Medeloop is a technology company focused on transforming healthcare through AI. They are seeking a Senior AI Data Engineer to architect the data backbone for their AI platform, working closely with data scientists and product teams to manage and enhance healthcare data workflows.
Responsibilities:
- The healthcare data lake: curating, extending, and evolving it through new concepts, derived variables, and data models that directly inform our AI engines and customer products
- AI-native data workflows: designing and operating AI-powered pipelines (using tools like Claude Code and agent frameworks) to automate harmonization, cleaning, quality checks, and summarization at scale
- NLP and semantic infrastructure: building pipelines for entity extraction, concept normalization, embedding-based retrieval, and semantic search that power the AI Scientist platform
- Novel data extraction approaches: experimenting with and building new methodologies for working with unstructured clinical data, not just applying existing playbooks
- Research-grade data products: delivering analytical samples, cohorts, and final datasets that withstand scientific scrutiny and are actively used by researchers and customers
- Data governance and observability protocols: including access controls, PHI/PII handling, data classification, compliance, monitoring, alerting, data freshness, and comprehensive documentation to enable self-service capabilities
Requirements:
- 3+ years of relevant data engineering or data management within an analytics-driven organization, with end-to-end ownership from raw ingestion to final data product
- Deep hands-on experience with healthcare CDMs (OMOP, FHIR, PCORnet) — designing or extending them, not just querying
- Knowledge of medical ontologies: UMLS, SNOMED CT, RxNorm
- Experience with big data, data pipelines and tooling that support retrieval-augmented generation (RAG), vector integrations, embedding workflows, and other AI/ML workloads.
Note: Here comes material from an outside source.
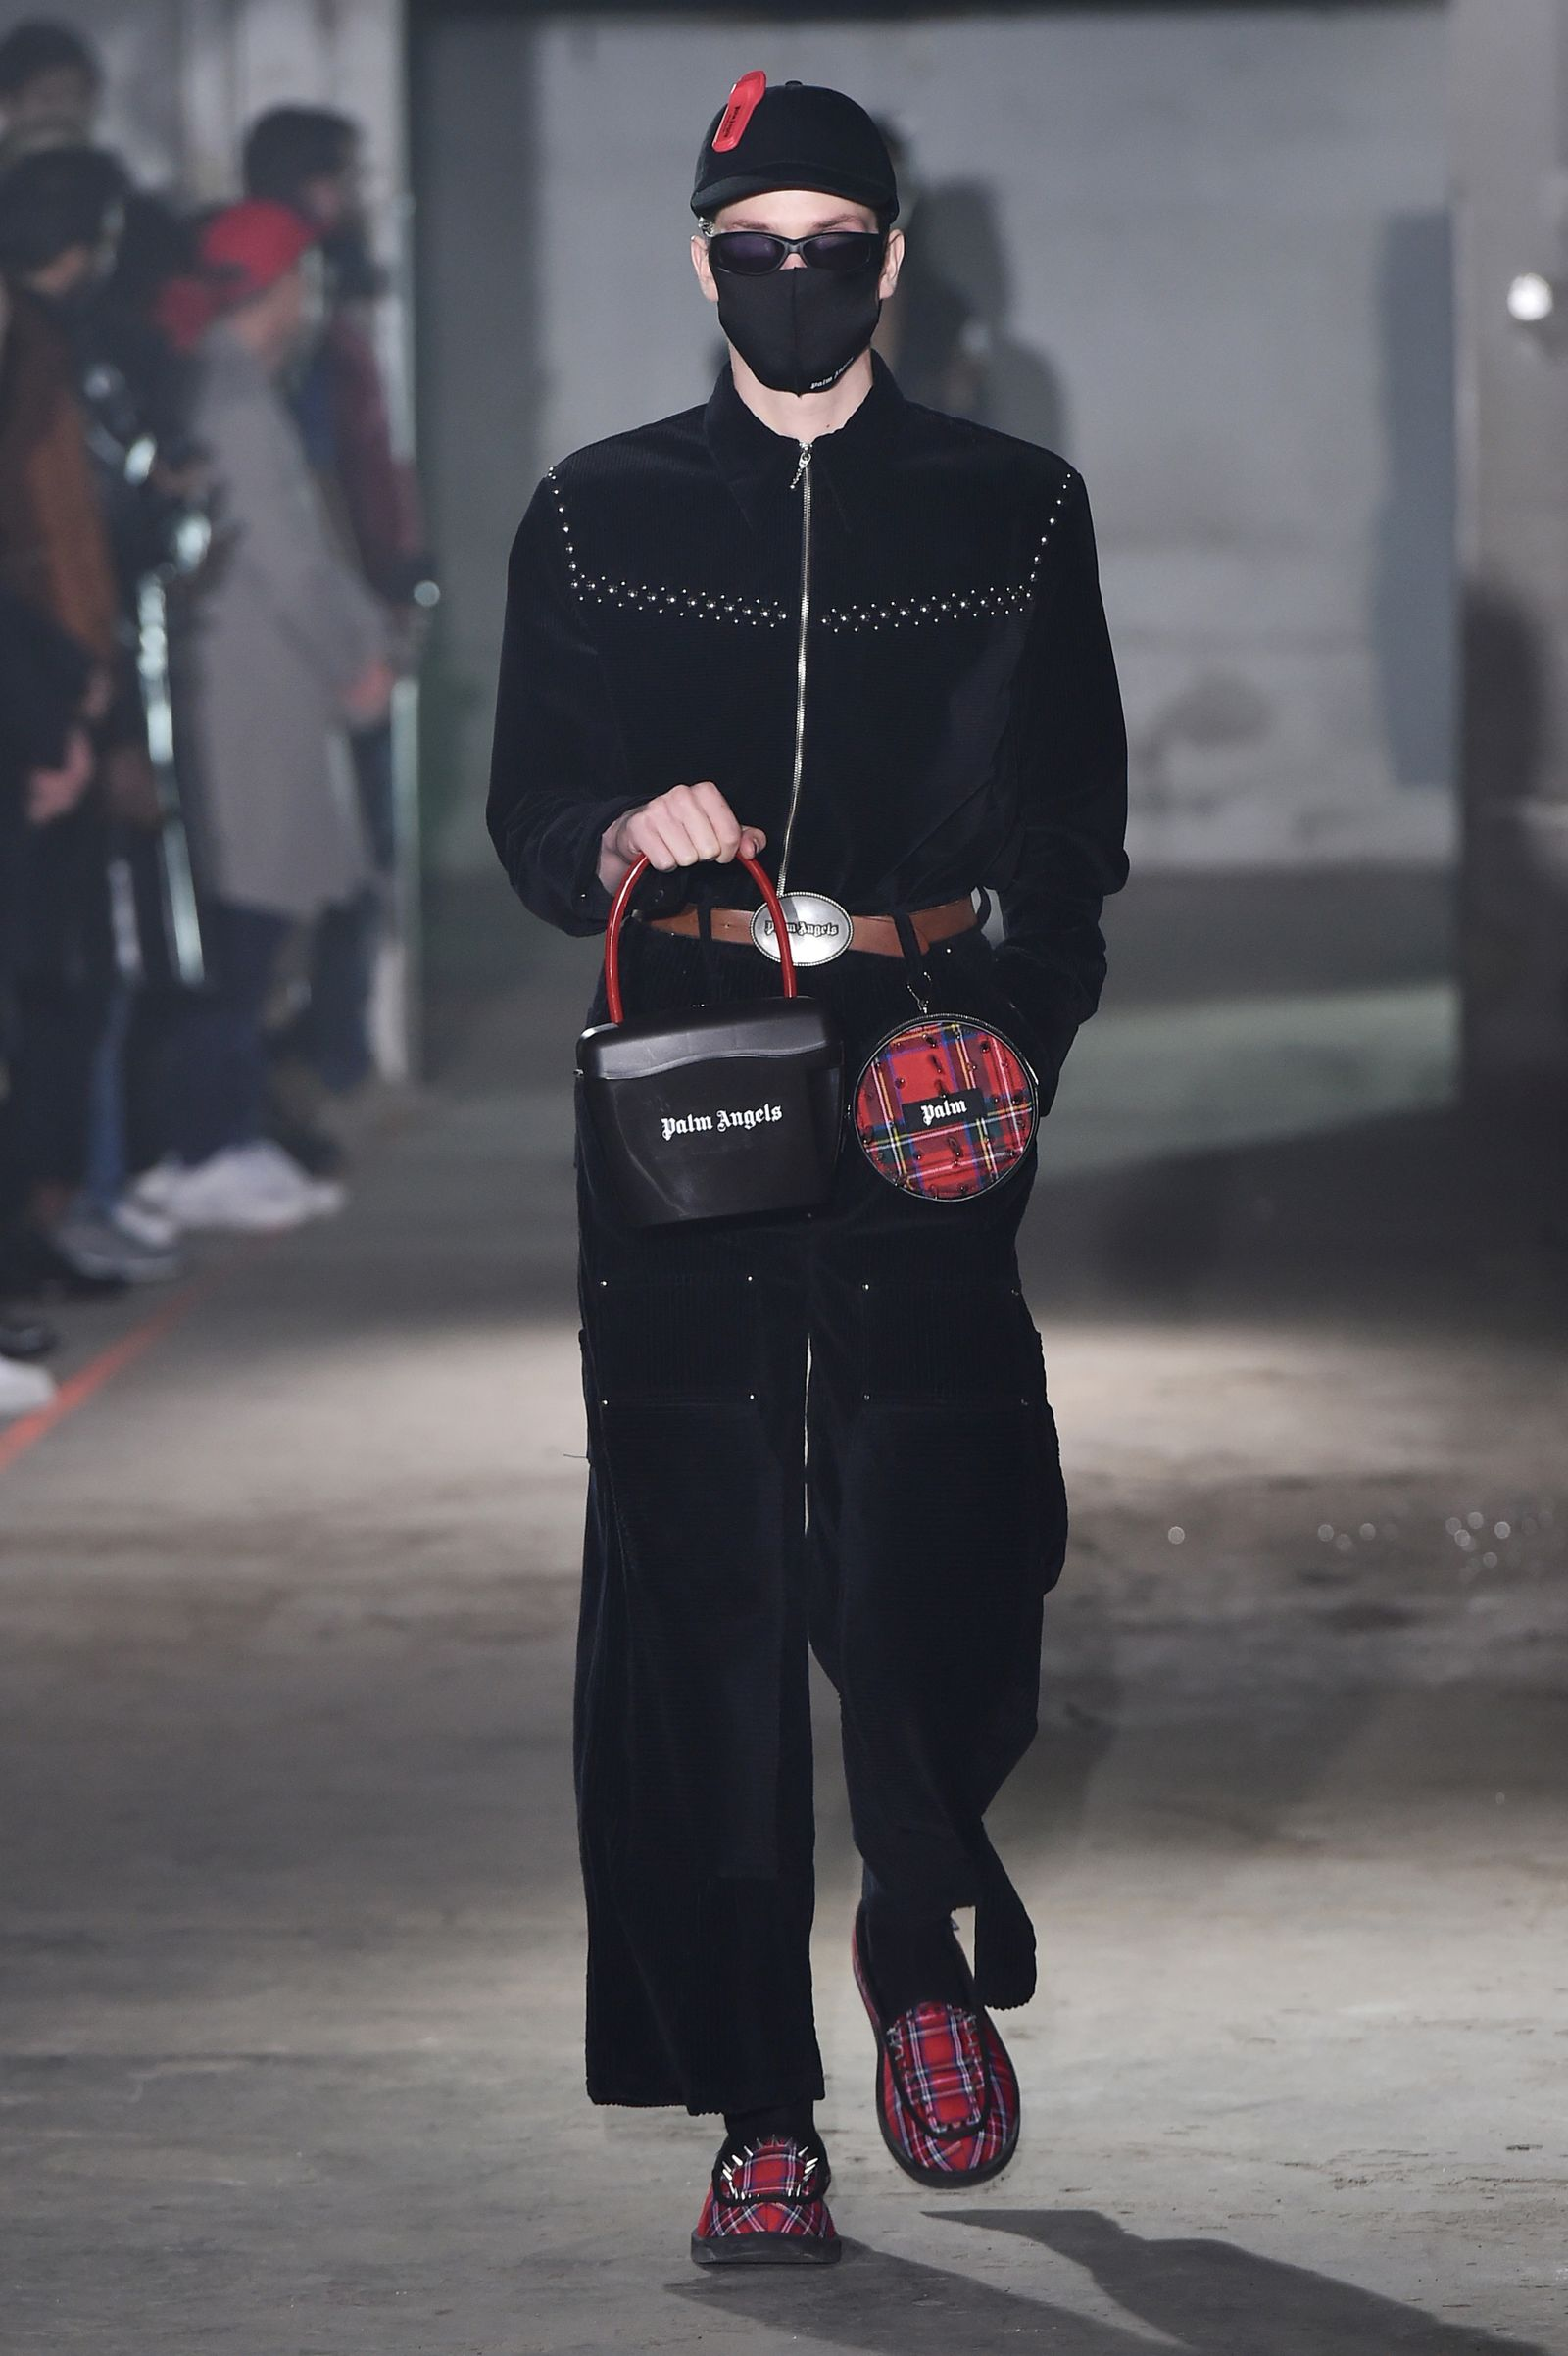 Palm Angels - Mens Fall 2018 Runway - Milan Menswear Fashion Week

Experience in big data tooling such as Spark, Iceberg, EMR
- Fluent in Python and SQL; comfortable across structured and unstructured data
- Proven NLP experience: semantic search, entity recognition, concept normalization, embedding pipelines
- Strong grasp of inferential statistics and cohort methodology to be a real partner to data scientists and customers (as part of onboarding)
- Experience contributing to an AI/ML product, especially in automated research or scientific discovery
- Experience mentoring other engineers and providing technical leadership
- Multi-cloud experience (AWS, Azure, GCP)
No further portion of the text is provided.